Equatorial Guinean President Teodoro Obiang Nguema on Wednesday announced a “total amnesty” for all political prisoners and opposition figures banned from political activity, according to a decree read on national television.
“I grant total amnesty to all citizens condemned by the courts… for political offenses in the exercise of their activity, serving or not serving their sentence,” the presidential decree said.
The move comes after President Obiang, who has ruled the oil-rich former Spanish colony since 1979, called last month for “dialogue and political interaction” with opposition groups.
Five political parties had signalled their willingness to take part in a national dialogue in July if their security was ensured.
The amnesty “must allow wide participation of all political actors”, according to the president, and guarantee “security” for those taking part in talks with international observers present.
The amnesty will also be granted to people “deprived of their liberty or prevented from exercising their political rights,” the decree said.
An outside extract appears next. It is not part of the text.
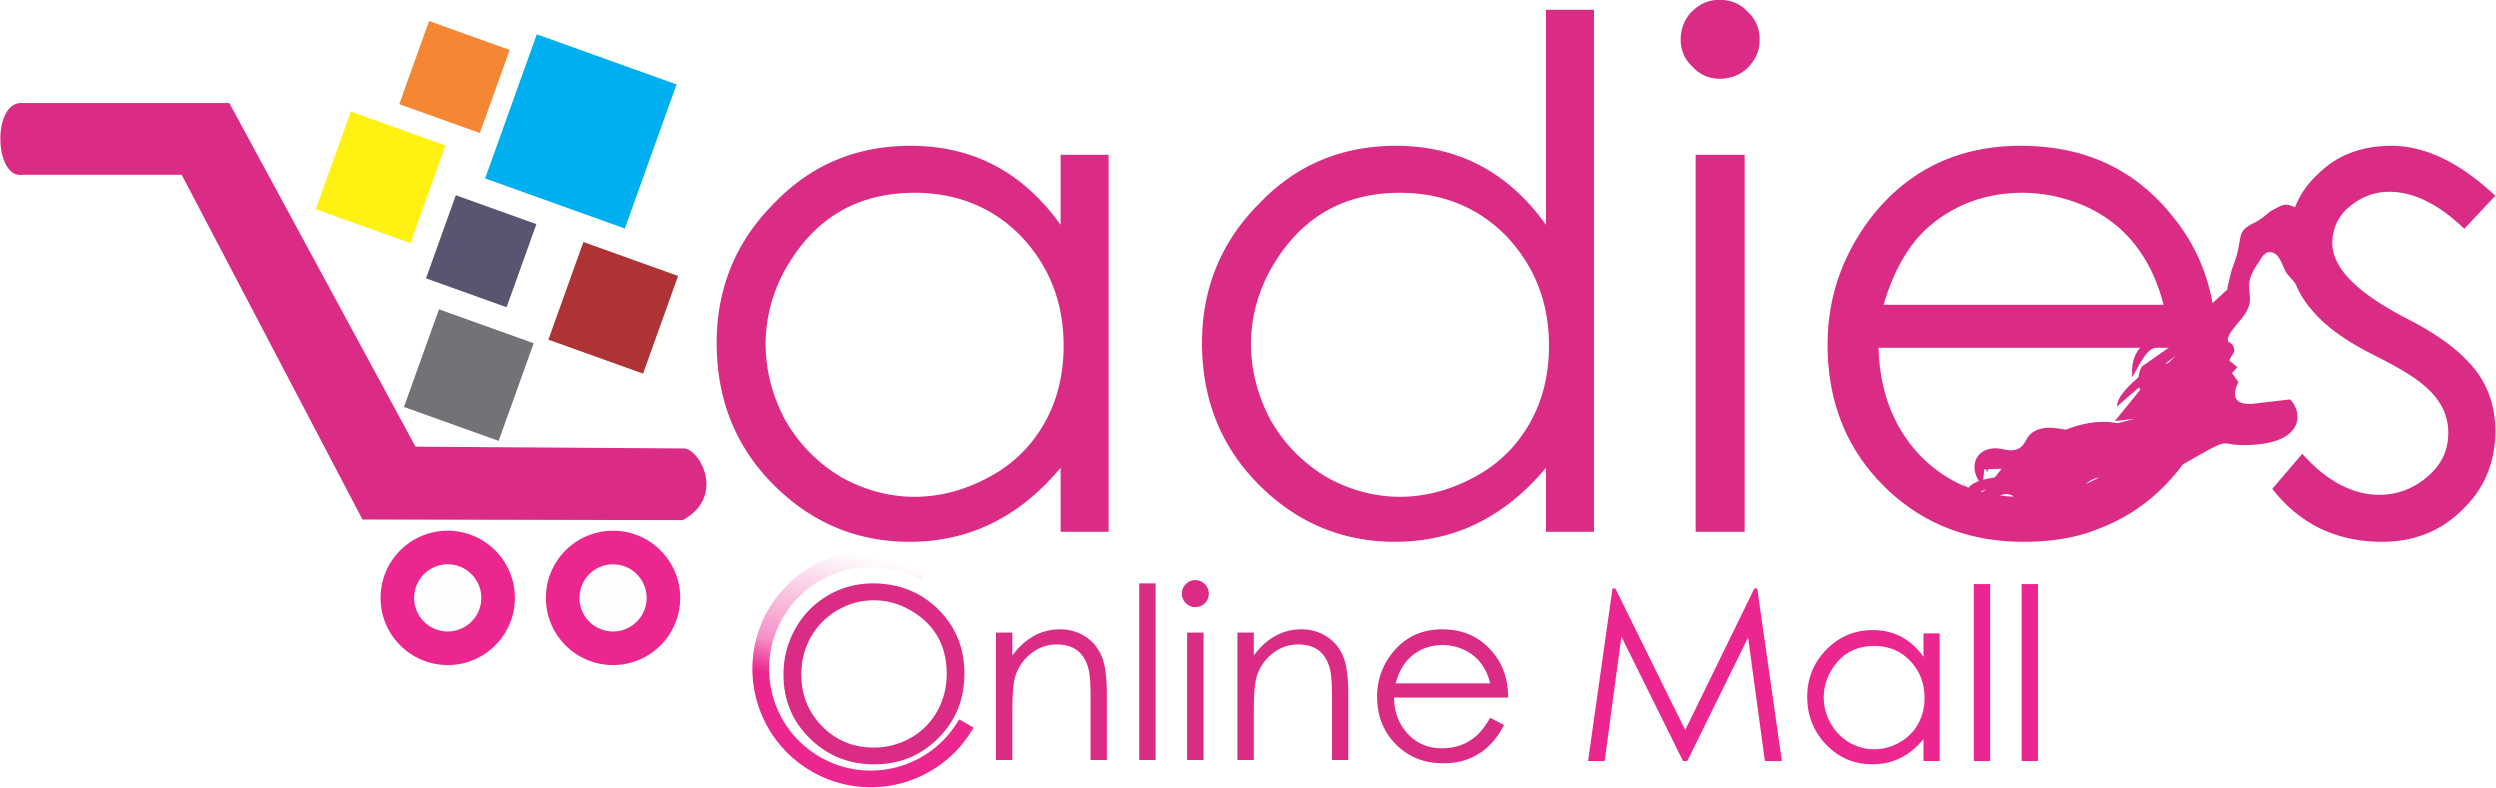 Ladies Online Mall - Viadeo Logo Vector (2496x788)

Obiang’s decades in power have been strongly criticised for corruption and human-rights abuses.
His proposal for national talks came after a failed coup last December – one of more than half a dozen attempts to unseat him over the years – that was followed by a crackdown on the opposition.
The now-banned Citizens for Innovation party (CI) said on Tuesday that opposition figure Juan Obama Edu, who was jailed for “sedition”, had been tortured to death in prison earlier this week.